AIM OF THE EXERCISE:
Pictures stay out of the copy, and everything else in the data below is repeated exactly.

DATA:

::::::::

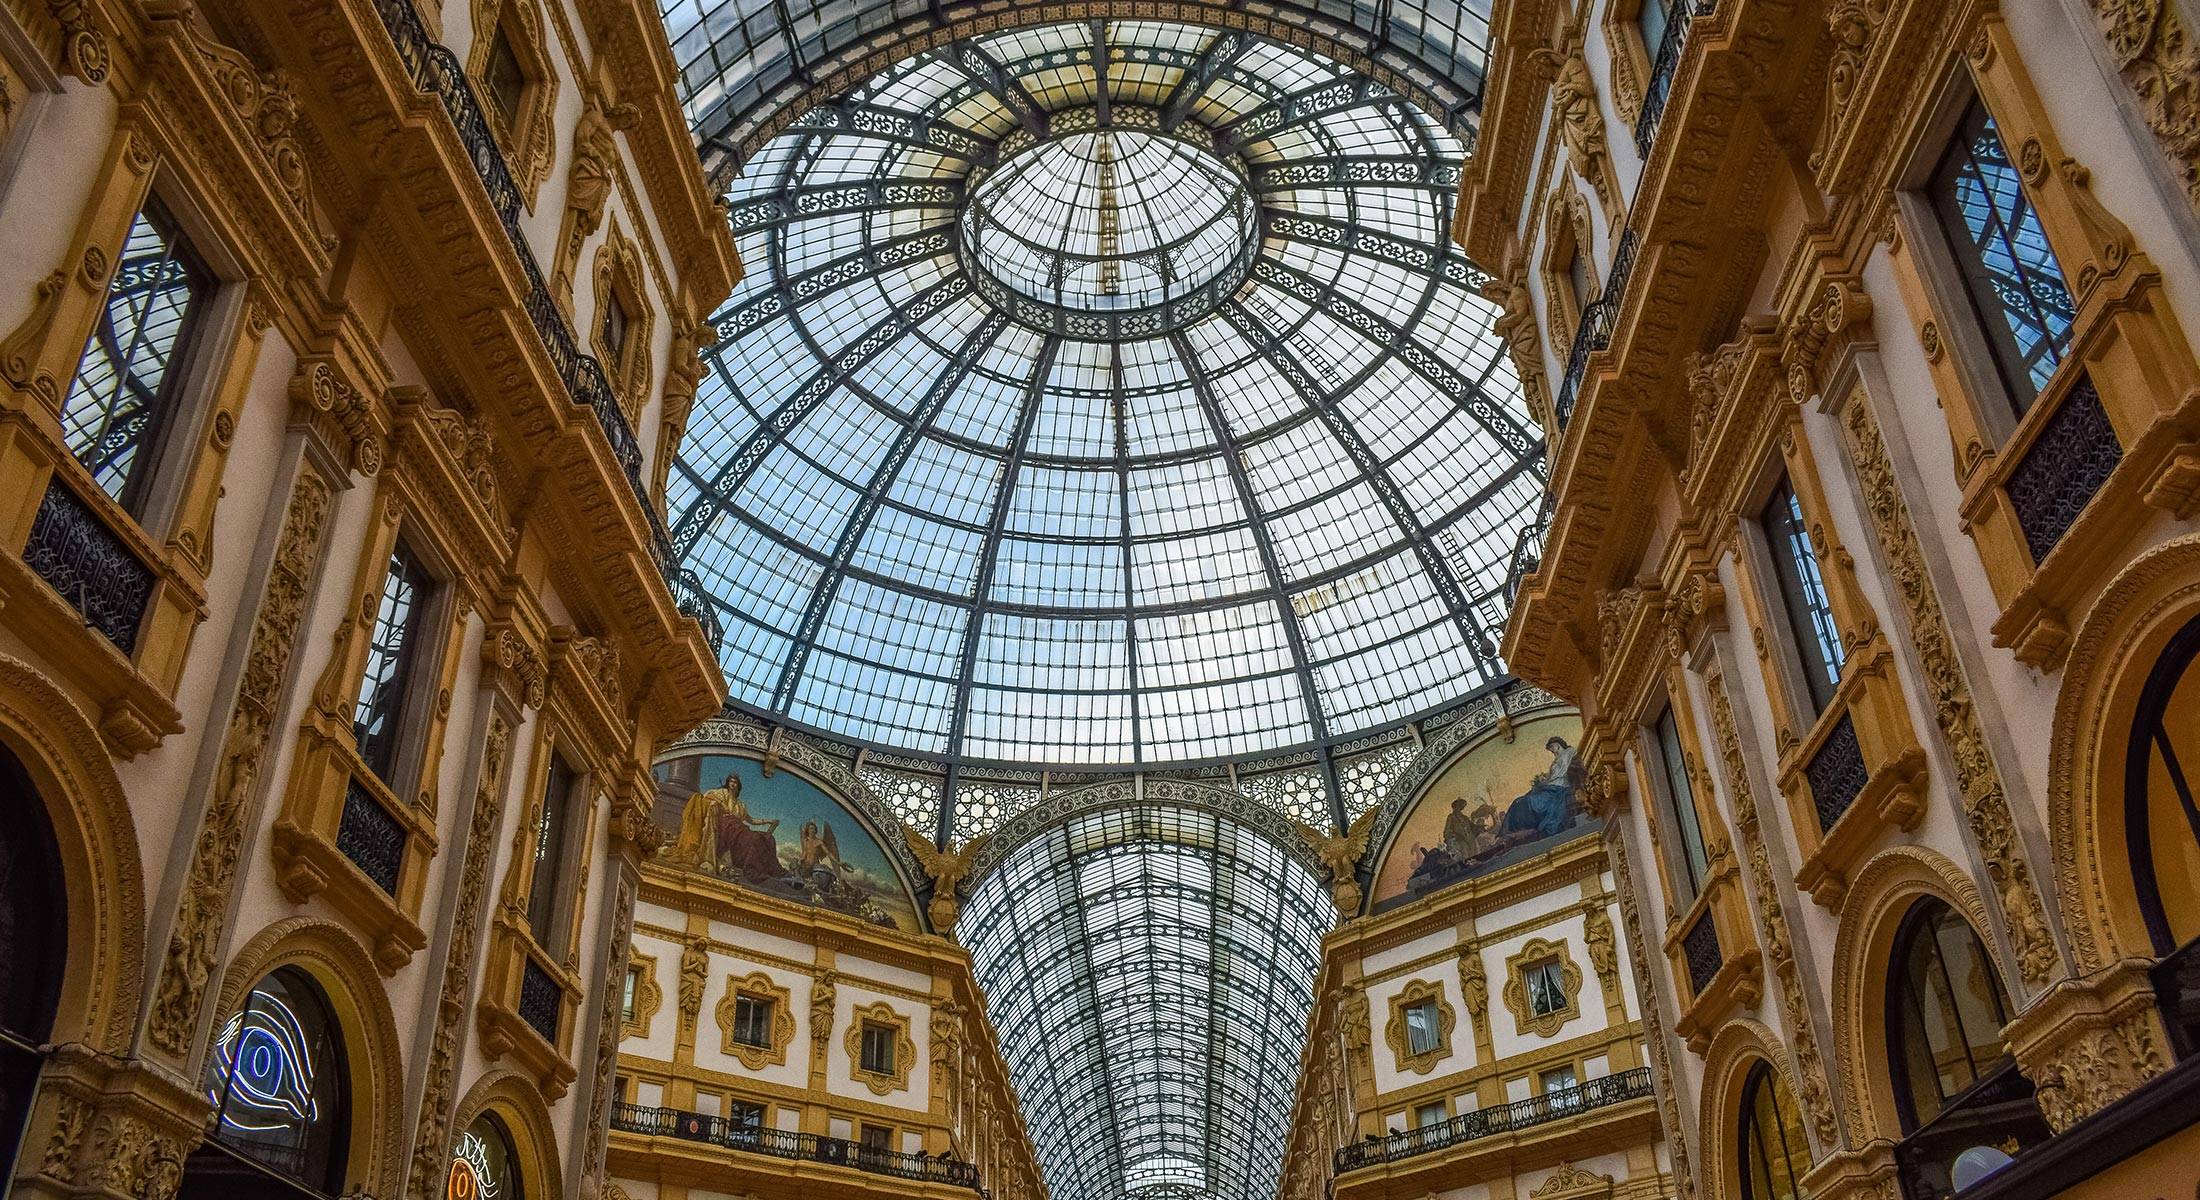 The 7 most notable Galleria Vittorio Emanuele II Facts - An
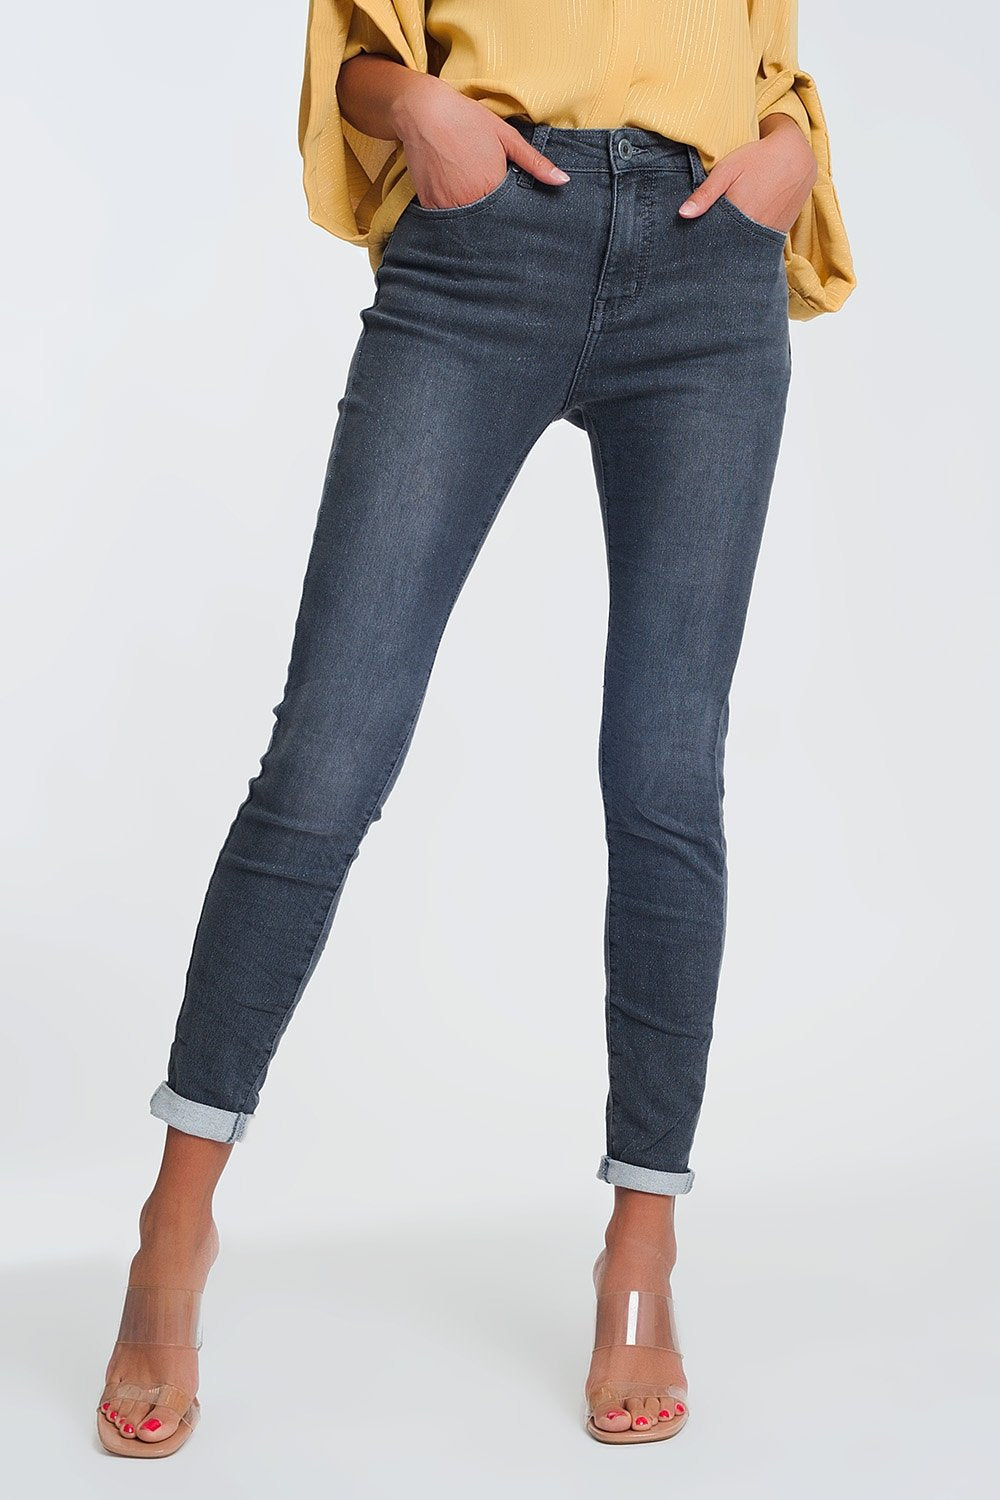 High Waisted Denim Jeans in Glitter Fabric - LOLA LUXE
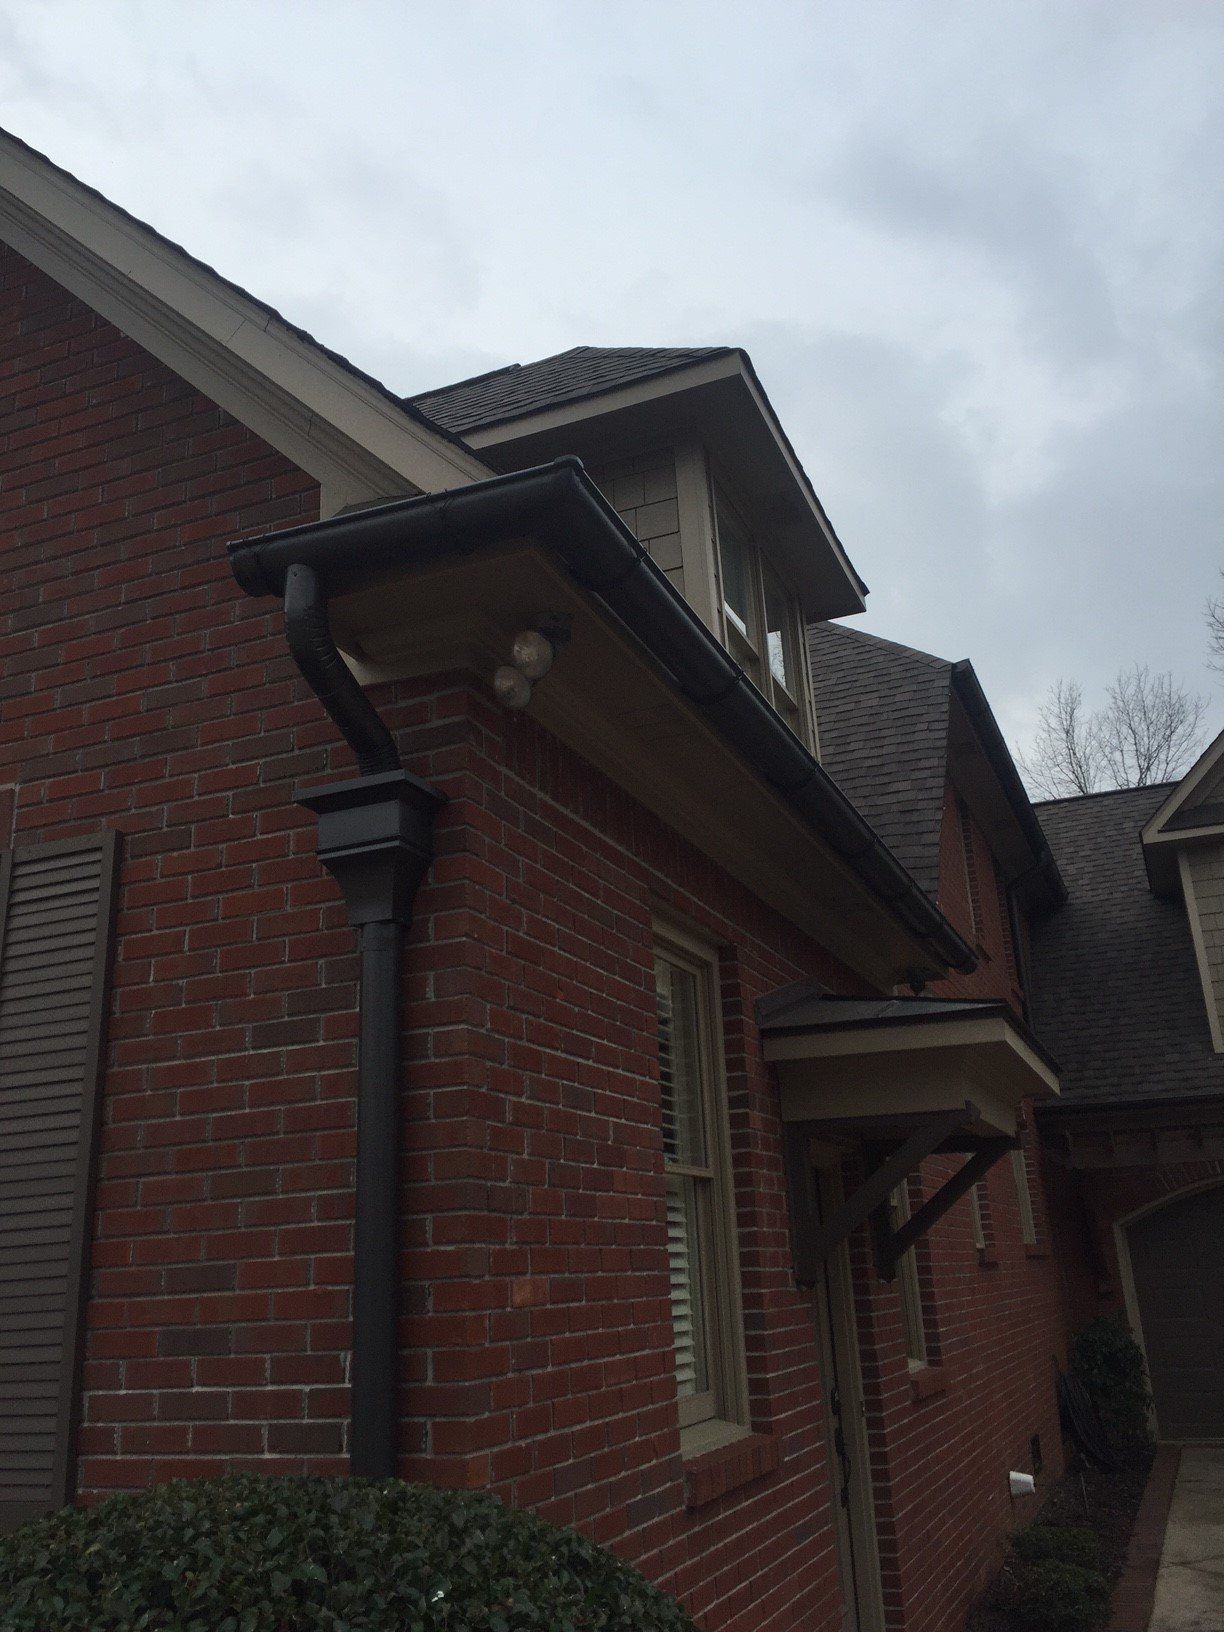 Roof, gutters, and downspout on brick home - B & B Roofing in Decatur, AL
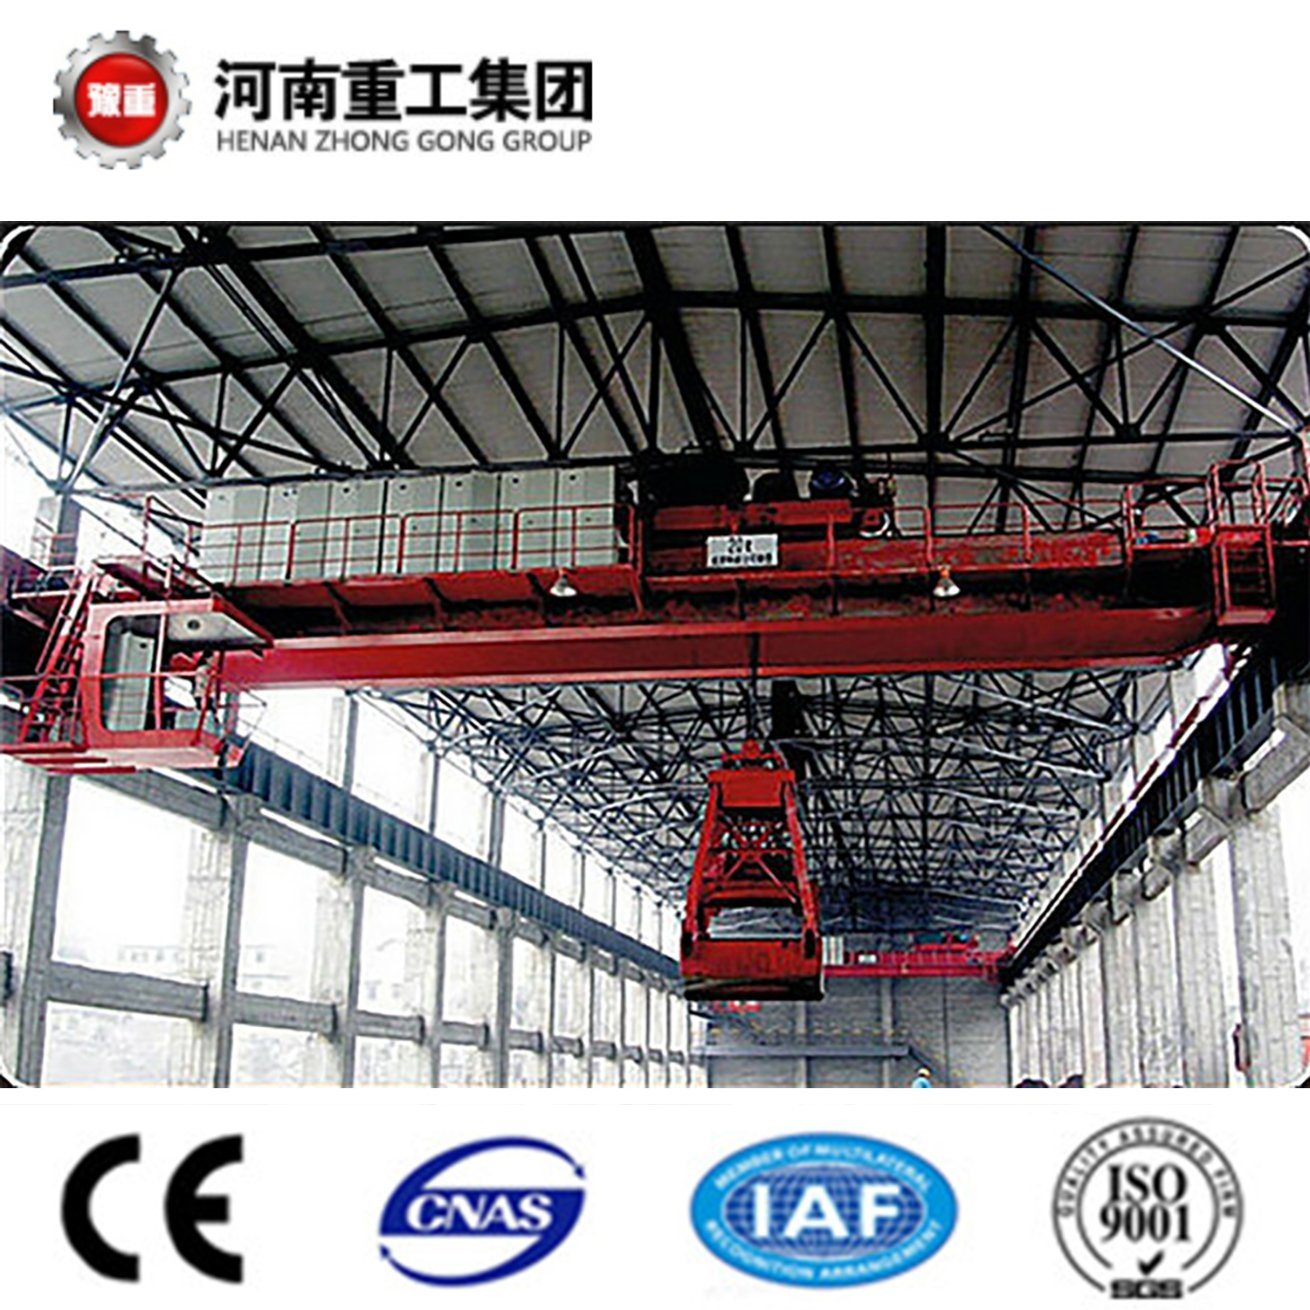 
                Suitable to Working Temperature High to 50 degree centigrade Grab Overhead Traveling Crane for Coal Grabbing in Cement Plant

::::::::

TASK RESPONSE:
 The 7 most notable Galleria Vittorio Emanuele II Facts - An
 High Waisted Denim Jeans in Glitter Fabric - LOLA LUXE
 Roof, gutters, and downspout on brick home - B & B Roofing in Decatur, AL
                Suitable to Working Temperature High to 50 degree centigrade Grab Overhead Traveling Crane for Coal Grabbing in Cement Plant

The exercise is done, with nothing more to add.